I then used EG to filter for 'where logflag = 1' and then did the Transpose

0
votes

You should deduplicate before having your data transposed. Let's assume you have

data beforehave;
   input ID Journey $ Activity $;
datalines;
12345 level1 Activity1
12345 level1 Activity1
12345 level1 Activity1 
12345 level1 Activity2 
12345 level1 Activity2 
23145 level1 Activity1 
23145 level1 Activity2 
23145 level1 Activity2 
;
RUN;

Then you have to deduplicate across both Journey and Activity:

PROC SORT data=beforehave; BY journey Activity nodupkey; RUN;

The you can transpose. Sorry not to give more code: I don't have access to my SAS today...

0
votes

So let's start with the big issue. You cannot mix Procedures inside Data Steps. The Data Step is basically a loop over a data set, allowing you to alter/change/create table(s). A procedure takes in a data set and does something with it.

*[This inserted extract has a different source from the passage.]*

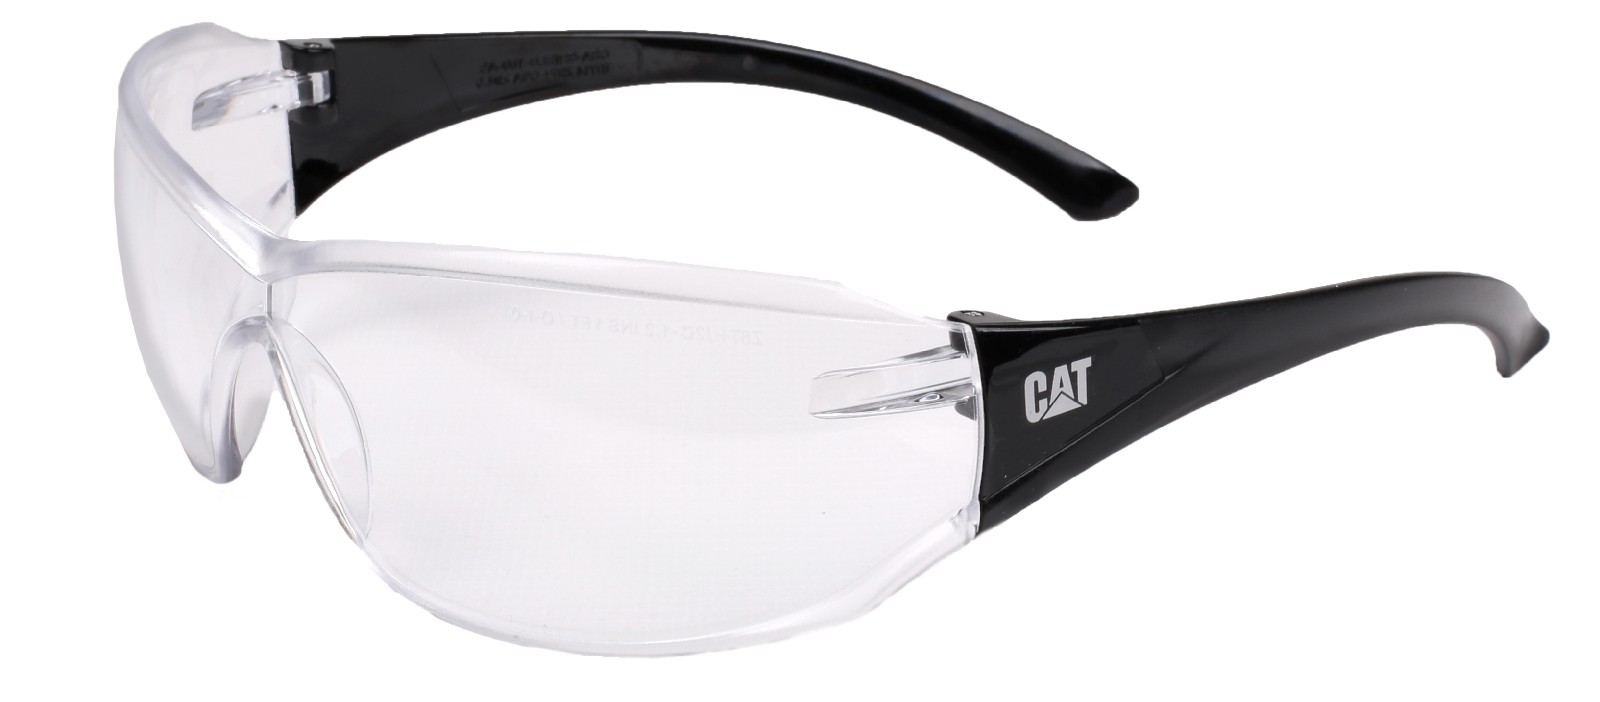 Caterpillar Shield Safety Glasses-0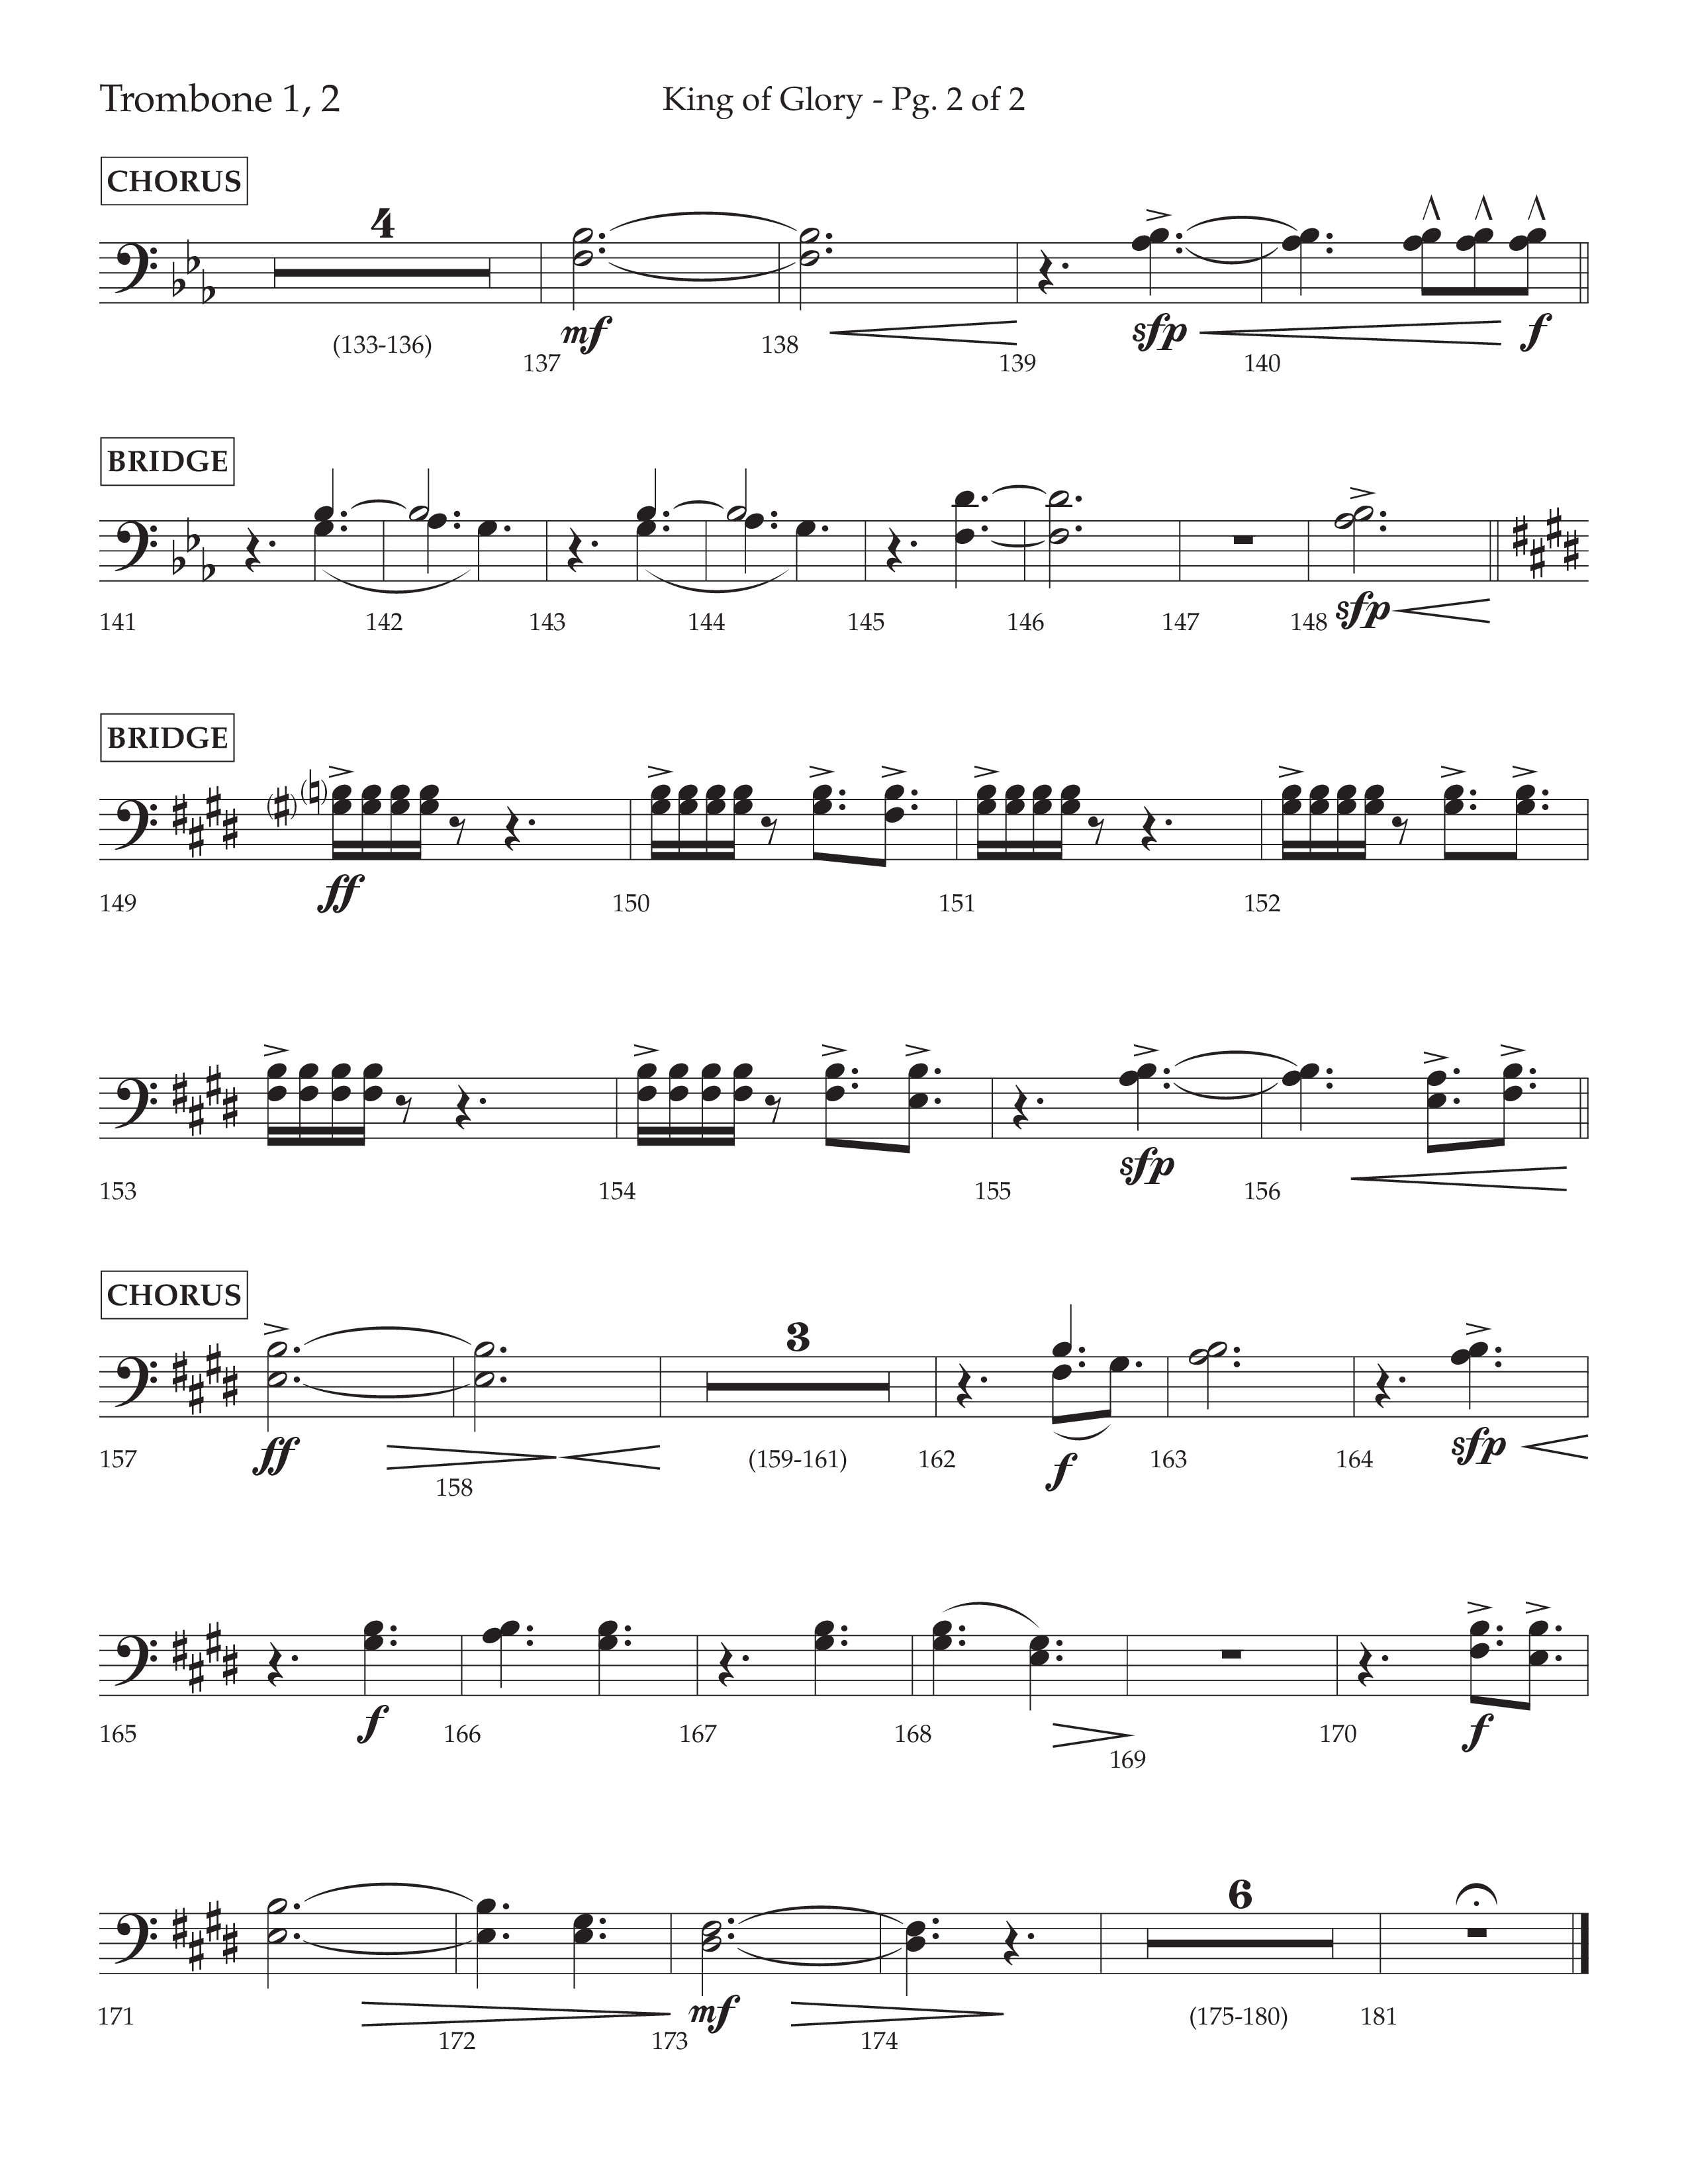 King Of Glory (Choral Anthem SATB) Trombone 1/2 (Lifeway Choral / Arr. David Wise / Orch. David Shipps)

So what you want to do is to transpose the data, remove the duplicates, and then transpose back to the wide format.

Step 1: Transpose.

proc sort data=have;
by id journey;
run;

proc transpose data=have out=have_t(where=(col1 ^= "") drop=_name_);
by id journey;
var var:;
run;

This pivots your table, creating a column named COL1 with the values inside all the VAR* variables. A _NAME_ column holds the old column name. We don't want that, so we drop it. The where on the out data set filters out variables that are not populated.

The sort is needed for the BY group processing.

Step 2, remove dups.

proc sort data=have_t nodup;
by id journey;
run;

Step 2.5, add back the _NAME_ variable that will be new column names.

data have_t(drop=i);
set have_t;
by id journey;
retain i;
format _name_ $32.;

if first.journey then
    i=0;

i = i + 1;
_name_ = "var" || strip(put(i,best.));
run; 

Here we create a count variable, i, and increment the count inside each journey. Drop the i variable in the output.

Step 3, Transpose back

proc transpose data=have_t out=want(drop=_name_);
by id journey;
id _name_;
var col1;
run;

Pretty straight forward transpose, removing the new _name_ variable.

3.5: If you want all 13 Var columns.

data want;
format id best. journey $8. var1-var13 $12.;
set want;
run;

This defines all the columns and then fills it with the values from the WANT data set, overwriting that data set.